The elders' gazes turned to Canyue. With a nod, she said, "At the time that Xiaolong was attacked, as well as for several hours preceding, the foreigner was with a sect elder and an alchemist of the Tower. It was not possible for her to have attacked Xiaolong."

The room went silent. They could no longer see a solution to the mystery. The culprit obviously could not have been Bai Chunxue, who had no qi whatsoever; it could not have been the foreigner, who was not even there; and it could not have been anyone else, wielding a magical power that did not exist anywhere east of A'erjin-Shan.

—Bai Fei spoke.

"There are two questions before us. One is the matter of who attacked Xiaolong. We cannot answer this question now. Let us have Canyue surveil the sect for some time, and then we shall draw a conclusion on it. The other question is the matter of how we shall answer the Long family. We must answer this question now, so let us turn to it."

The patriarch nodded. "Canyue, do you have any last words on this matter?"

Canyue suppressed a smile and said, "How shall we answer the Long family? This is not a question of truth, but a question of face. All we have to do is offer them the bastard's head, and all will be solved. Is it not for that very purpose that we have allowed that bastard to live under our name?"

The patriarch shook his head. "I understand the sentiment, but we have to think about the regulations. Insofar as Bai Chunxue is legally considered a civilian and not a cultivator, we can't get rid of him so easily."

One of the older elders let out a long, slow sigh. "Such matters were far simpler back during the old Han dynasty. Back then, we could act more-or-less freely and the Imperial Court would turn a blind eye as long as we did not interfere with their governance. Now we cannot even deal with this bastard child without running afoul of some civilian-cultivator relations regulation. All this because he was born without a cultivation base."

"And to make it worse," another elder muttered, "if we violate the regulations, the Magistrate will have the imperial censors knocking on our door in a heartbeat."

"The Magistrate? You mean Sima Rui, the magistrate here in Kangtian? I can't imagine she would care that much about Chunxue. Even if he is legally a civilian, everyone knows that he's from a cultivation family. What does it matter to her if Chunxue dies?"
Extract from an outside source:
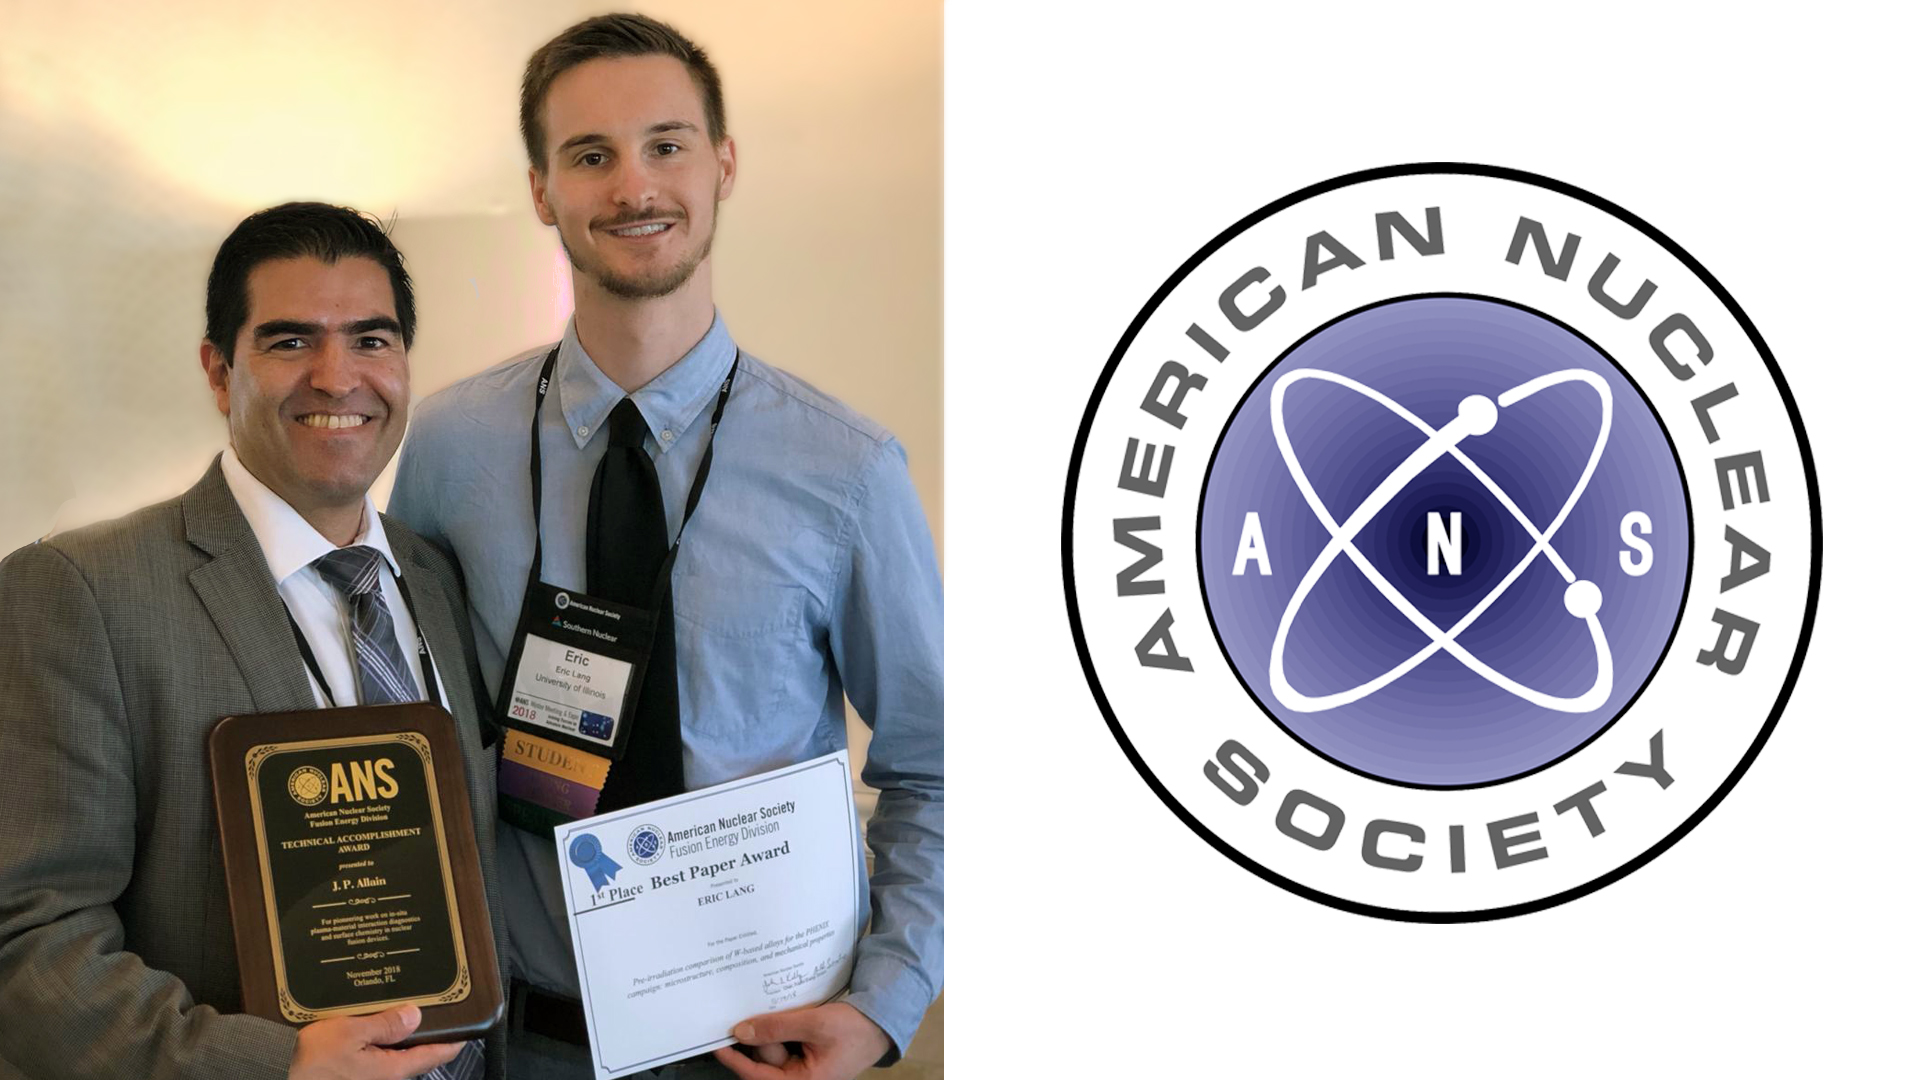 Eric Lang awarded Best Student Paper at national fusion energy meeting

"For the Magistrate, Bai Chunxue dying would not be about Bai Chunxue," interjected Jing Ke. "The Magistrate is politically opposed to cultivators in general, so she will use whatever means she can to weaken our position. The Phantom Orchid Sect has had trouble dealing with her for quite some time now. She is one of those people who believes in... civilian rights."

Some snorts rose up around the room. How could they not laugh at the idea that civilians, those fortuneless fools who did not have the ability to cultivate, could be anything more than lesser lifeforms compared to cultivators? From a cultivator's perspective, the imperial regulations protecting the lives of civilians are no different than a law that would disallow them from stepping on anthills!

"—So before we decide on any one course of action, we must examine the text of the imperial regulations and verify that we are not running afoul of any of them."

The patriarch nodded. "Canyue, you are dismissed. On your way out, go find a servant and have them bring us a copy of the relevant regulations. We should have them in our library."

With a bow, Canyue turned and left the office, heading once again for the sick bay.